Я и думал. Но тогда казалось, что речь идет об их достатке, их воспитании (а какое воспитание от отца-стукача). Сыновей в СССР еще не убивали и это мне не приходило в голову.

       Да и вообще я не хотел быть первым в нашей семье человеком сотрудничающим с полицией, милицией, жандармерией, КГБ. Так же как я не «слышал» предложений выйти на свободу, да еще с таким доходом, я ни минуты ни о чем не жалел из того в чем меня обвинял следователь — ни в том, что кому-то дал книжку, другому что-то сказал, третьему написал письмо. Ни минуты не думал о том, что надо было быть осторожнее. Я жил так, как считал нужным, правильным, оставаясь свободным человеком и никакого другого образа жизни для себя не предполагал. А то, что со мной произошло — тюрьма, предстоящий суд — были неизбежным результатом обычной жизни в диком мире, где я жил. Конечно, я по возможности мешал следователю сфабриковать мое дело, но ни разу не подумал, что раньше или теперь надо выбирать какой-то другой способ жизни.      Кончилось дело тем, что Аваян попытался начать меня запугивать, говорить о том, какое меня ждет чудовищное лагерное существование. Тут я уж  совершенно разъярился и чуть ли не вскочил на стол, начал кричать: «Ах ты, гэбист поганый, ты еще запугивать меня вздумал?!» Аваян страшно перепугался, совершенно побелел, бросился к двери, явно собираясь для спасения вызывать охрану. Это сказанное вслух очень серьезное обвинение в любой тюрьме, в другой, менее подобранной камере привело бы к разборкам, которые для Аваяна могли кончиться очень плохо. Но в нашей был лишь один профессиональный уголовник, который только усмехнулся и сказал мне - «Ну ты со стола все-таки слезь». Не зря и он был в этой подобранной камере. Страх Аваяна постепенно прошел, он даже не стал стучать в дверь, вызывая для спасения охрану, поскольку никто не стал с ним  выяснять отношений. А  инженер-нефтяник так даже чуть в меня не плюнул: конечно, он понимал, что Аваян профессионал, наседка, от которого будет зависеть его характеристика, а значит и судьба —  возможный расстрел или тюремный срок. Аваян после этого уже совсем нагло по субботам и воскресеньям уходил домой объяснял это заботой и связями своего адвоката.

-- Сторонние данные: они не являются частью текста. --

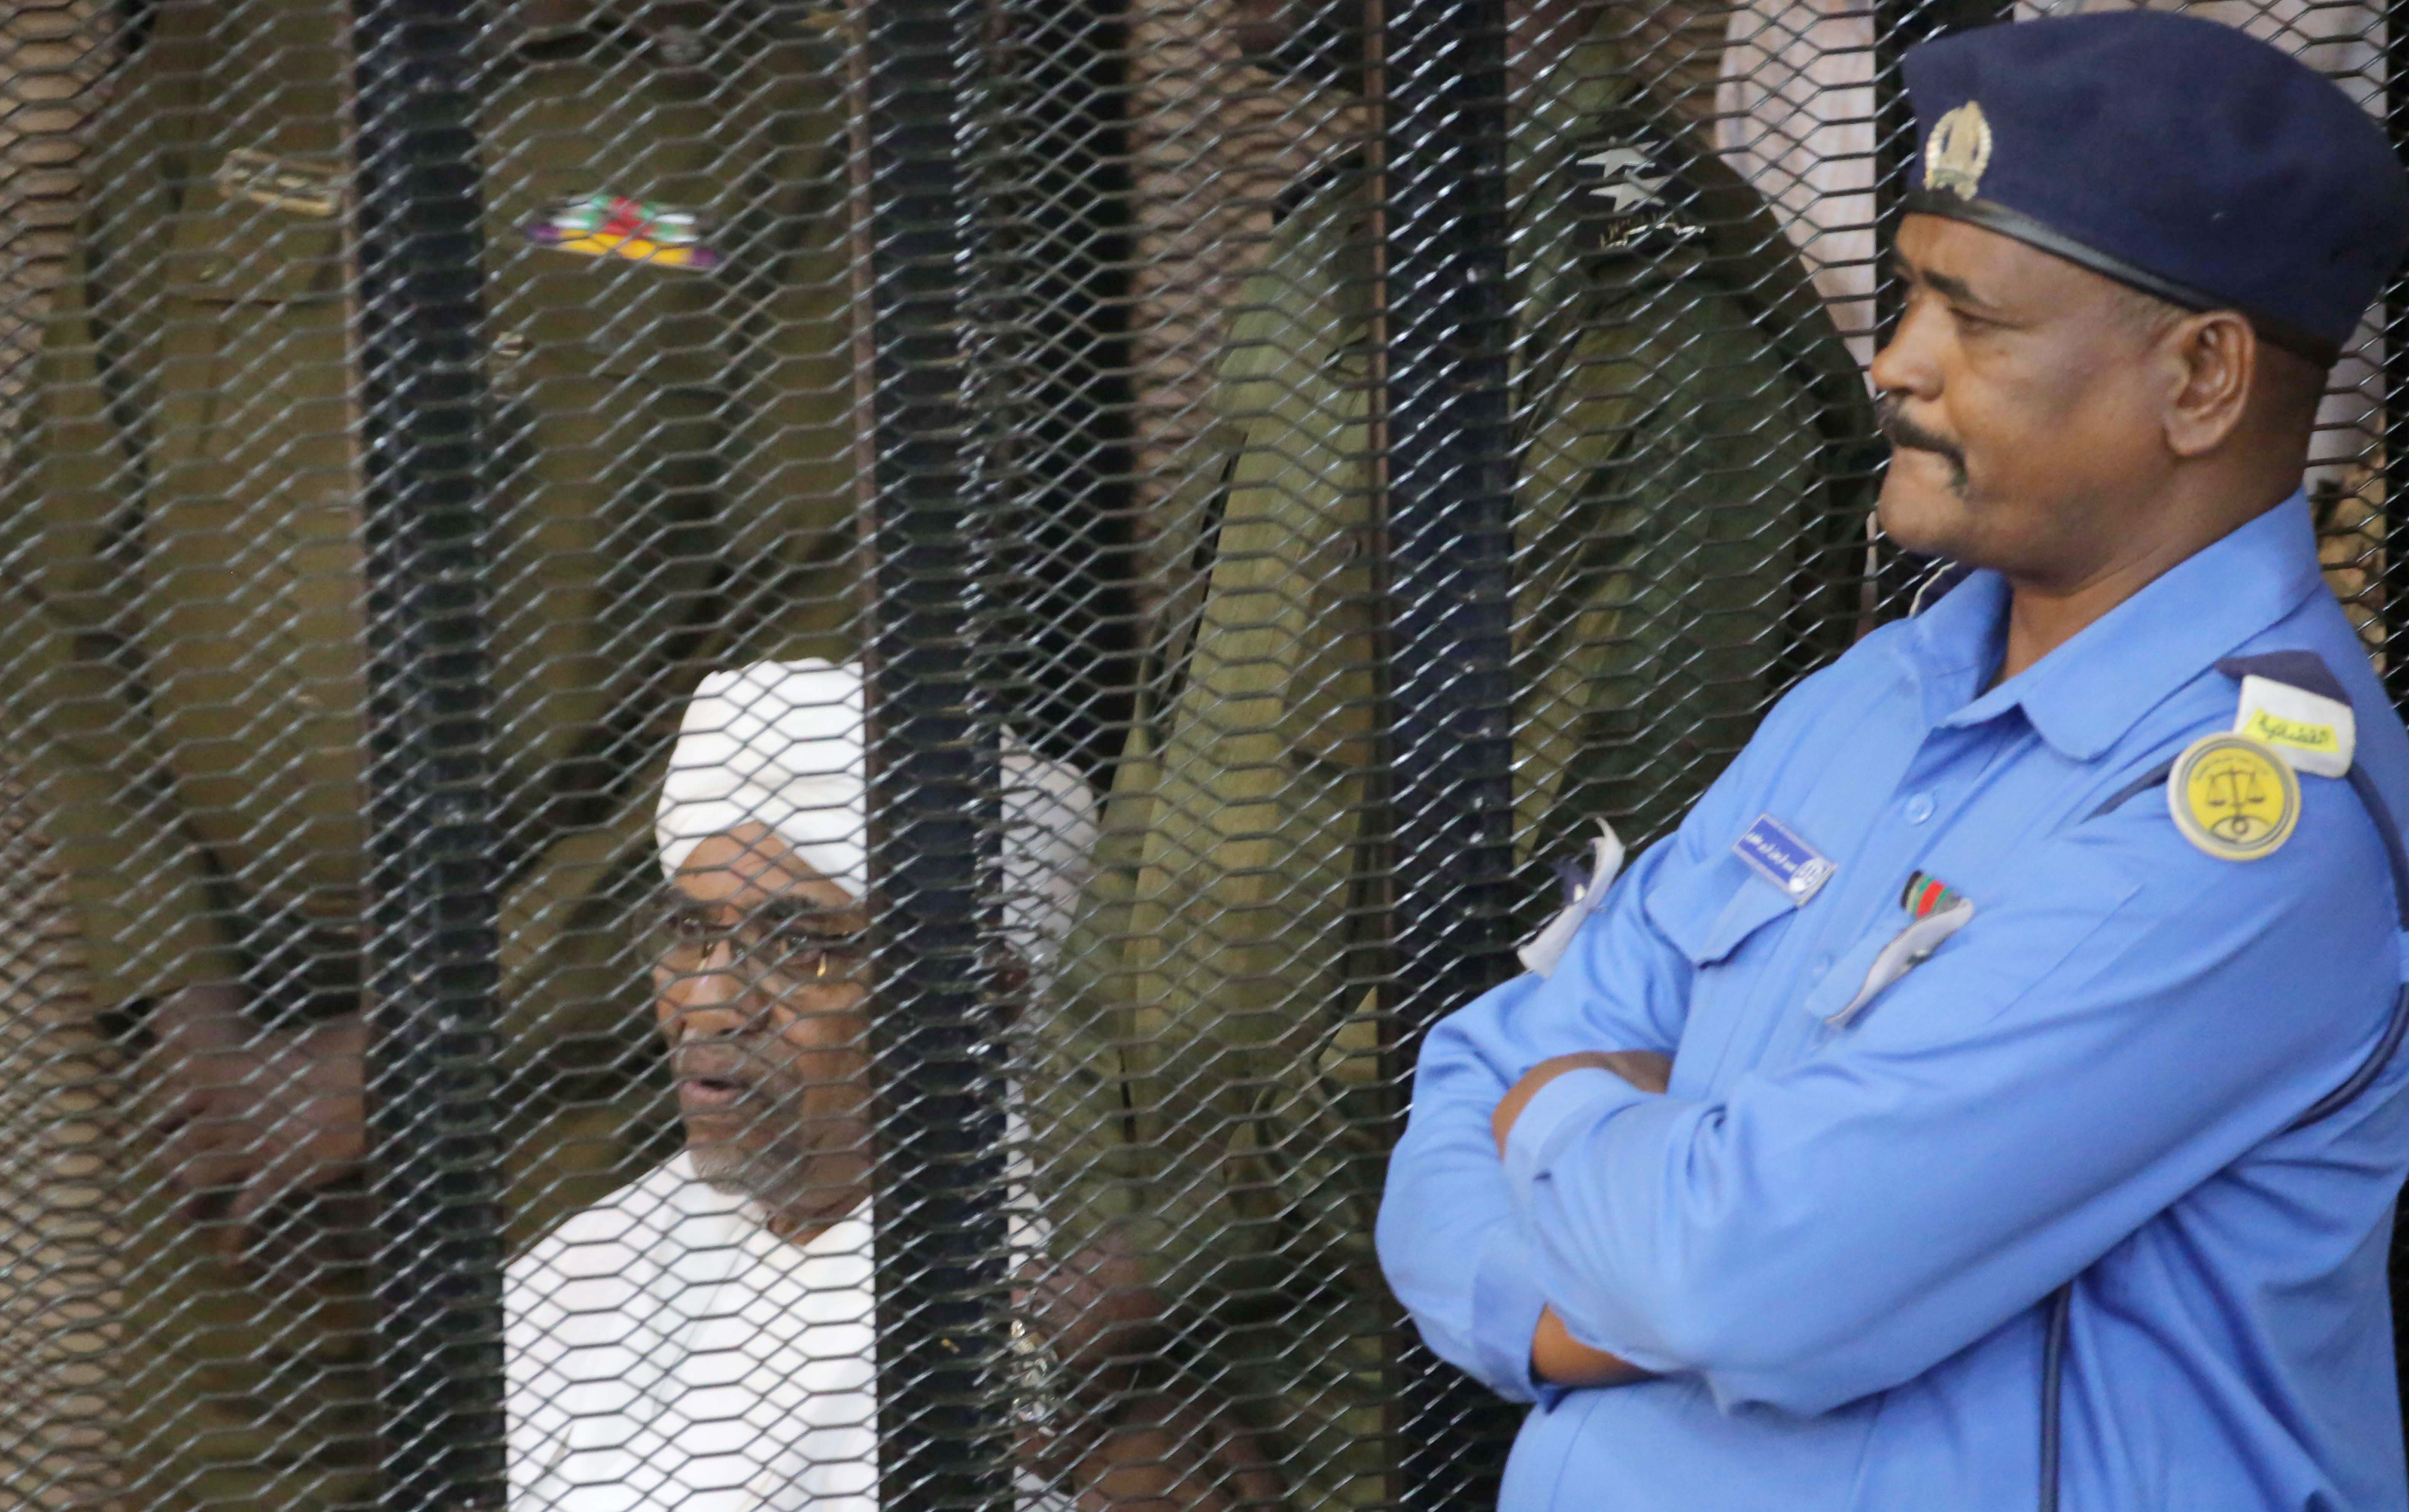 epa07789690 Sudan's ousted President Omar Hassan al-Bashir (L) looks out from inside the accused  cage, during his trial in Khartoum, Sudan, 24 Auguste 2019. Al-Bashir stepped down in April 2019 after the months long uprising which led to hundreds of deaths.  EPA/AMEL PAIN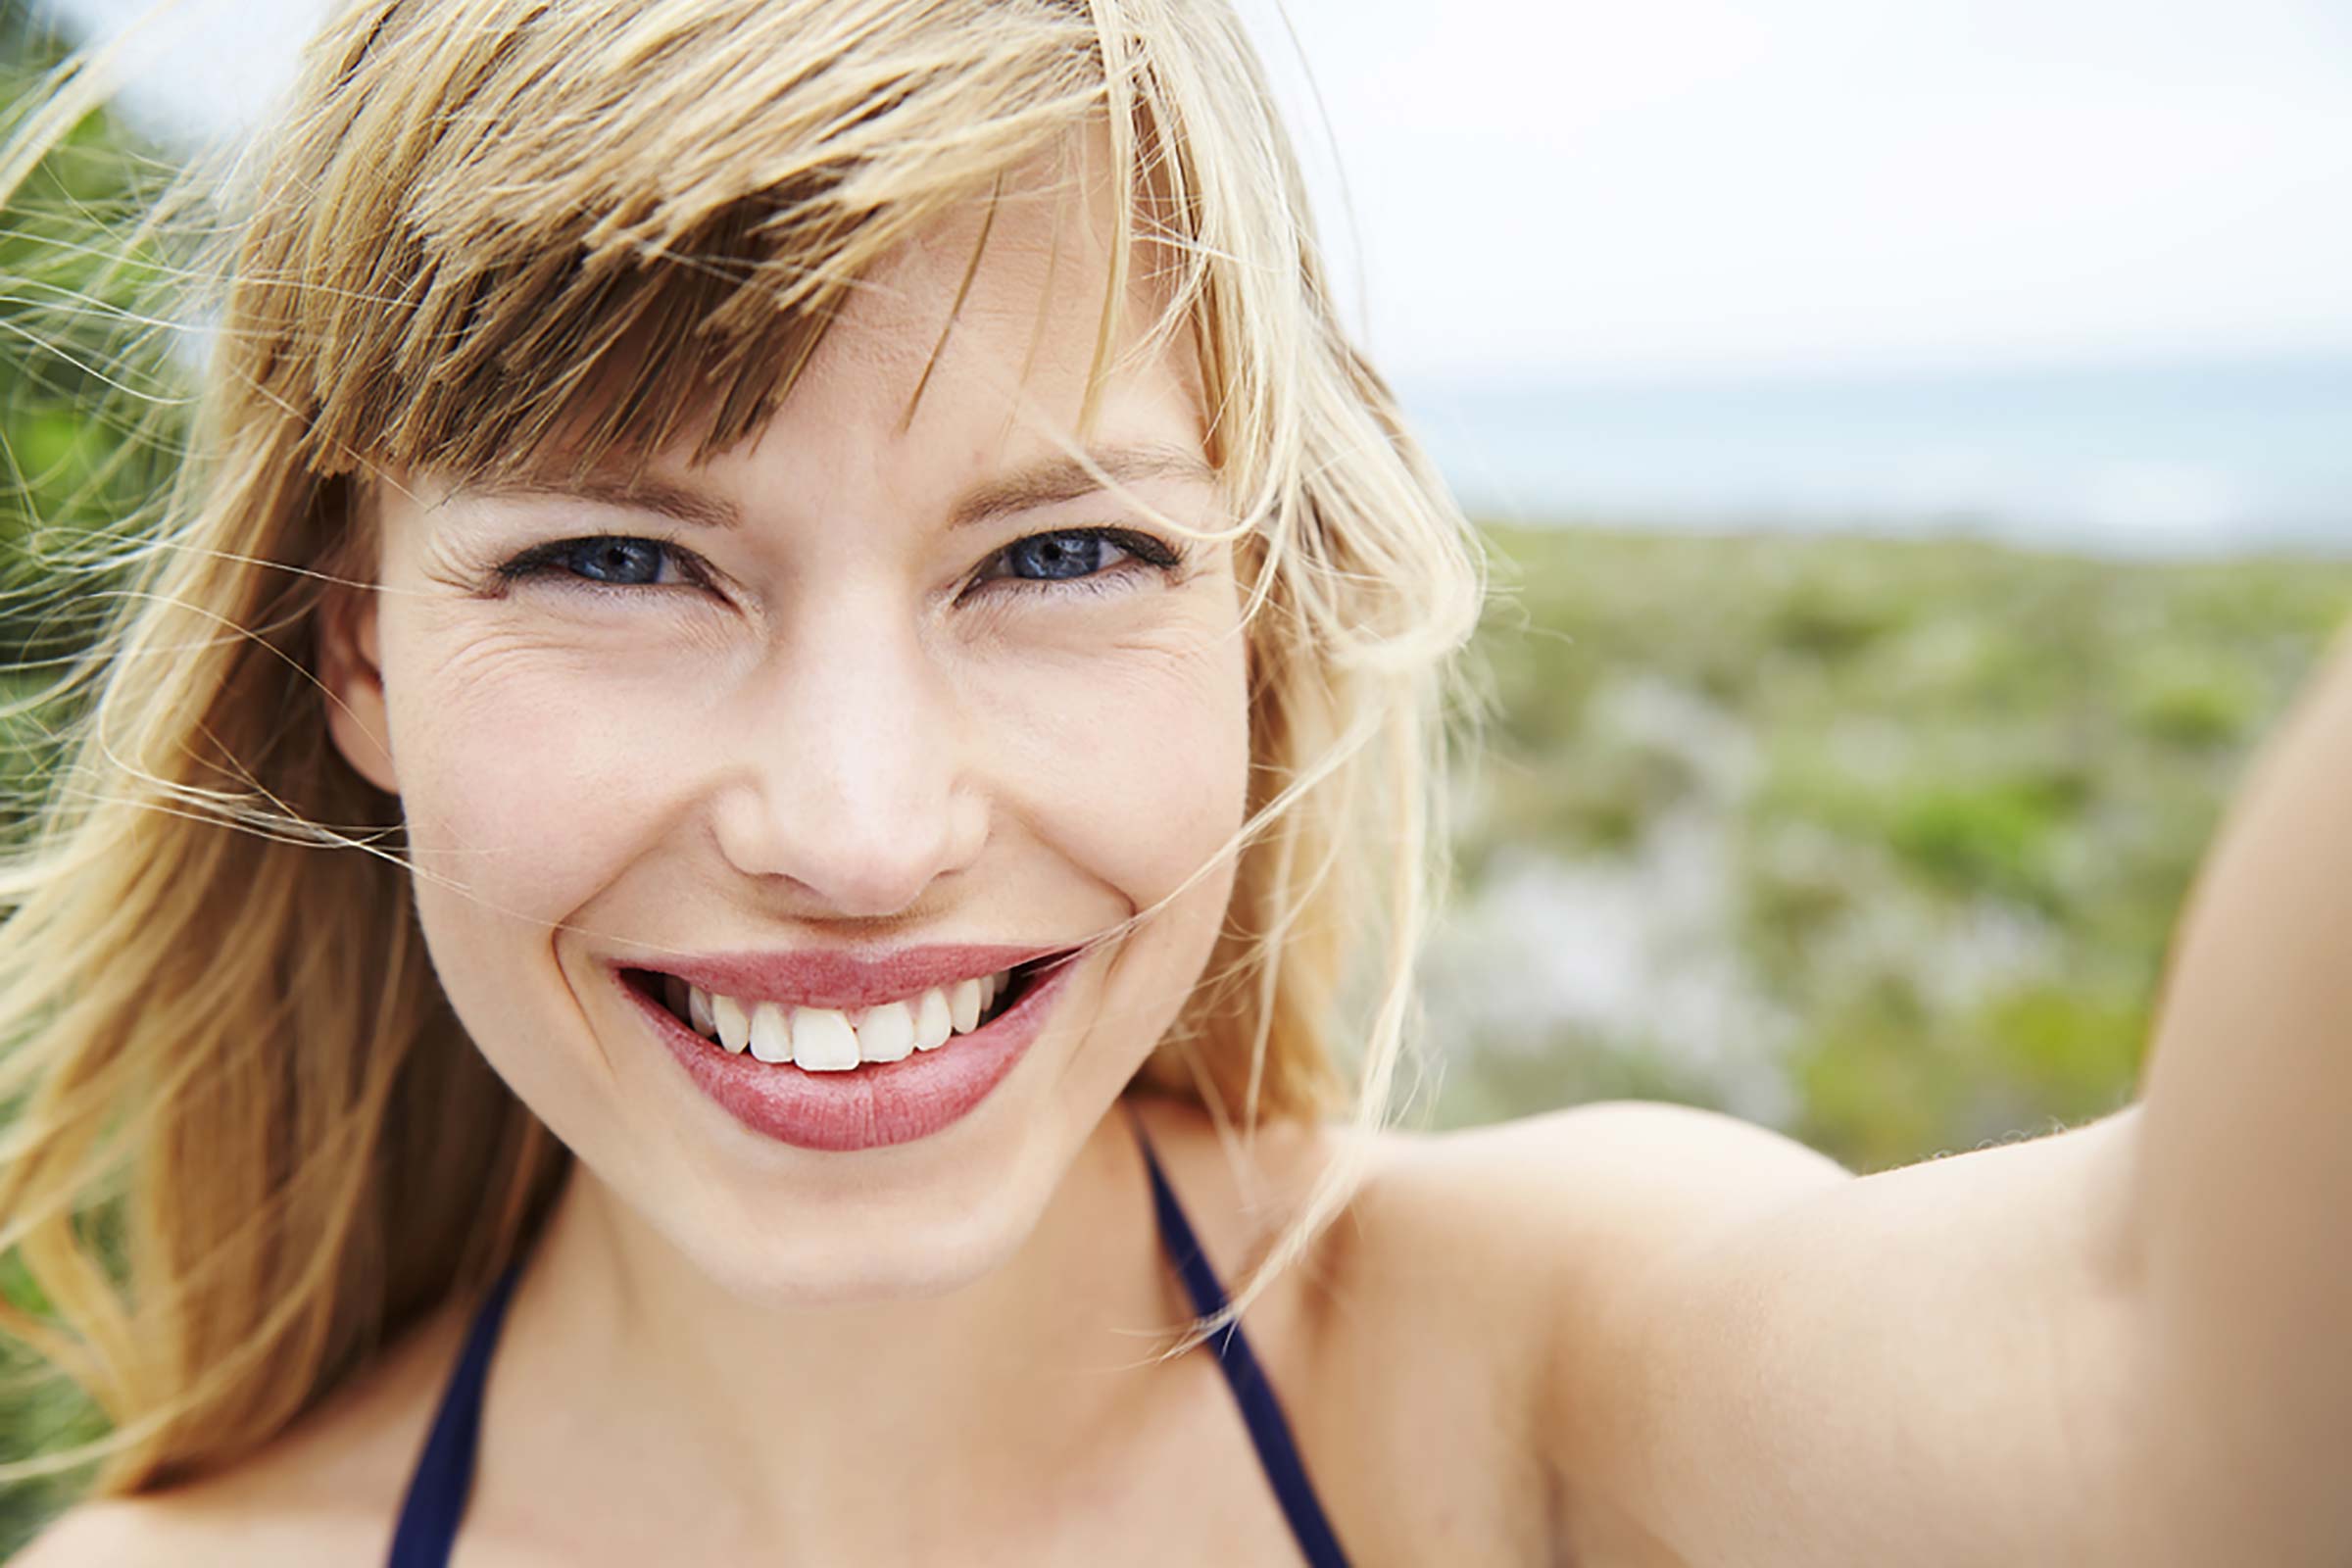 Is Smiling Contagious? Find Out the Cheery Answer | Reader's Digest

       Не знаю, как это было у других, но у меня в первые недели, когда я объявил голодовку, самым острым ощущением было отсутствие собаки — нашего французского бульдога Арса. Может быть потому, что в нашей холодноватой во внешнем поведении семье именно Арсик ежедневно проявлял самую неприкрытую любовь и восторг от одного твоего существования. Когда я возвращался домой, он минут десять носился кругами по комнате, взвизгивая и даже чуть пописывая на ковер от восторга, что пришел хозяин. Конечно, все человеческие эмоции были гораздо спокойнее. Но, как мне потом рассказывали, когда я был арестован, Арс дней на десять отказался есть, хотя кормил его не я, а Тома, да и раньше бывали случаи, когда я уезжал и не возвращался вечером домой. Судя по поведению Арса во время моих тюремных голодовок, может быть и сейчас он чувствовал, что я голодаю. Его голодовка закончилась только с приездом в Москву моей мамы, с которой мы были очень близки, мы были очень похожи, да и ее нескрываемую любовь к собакам Арс, конечно, не мог игнорировать. Но его реакции на мое состояние в тюрьмах были так очевидны, что в одном из последних писем в Верхнеуральск мать мне написала: «Арсик опять перестал есть, очевидно с тобой что-то происходит, вероятно я сделала ошибку, что не поселилась на время в Верхнеуральске.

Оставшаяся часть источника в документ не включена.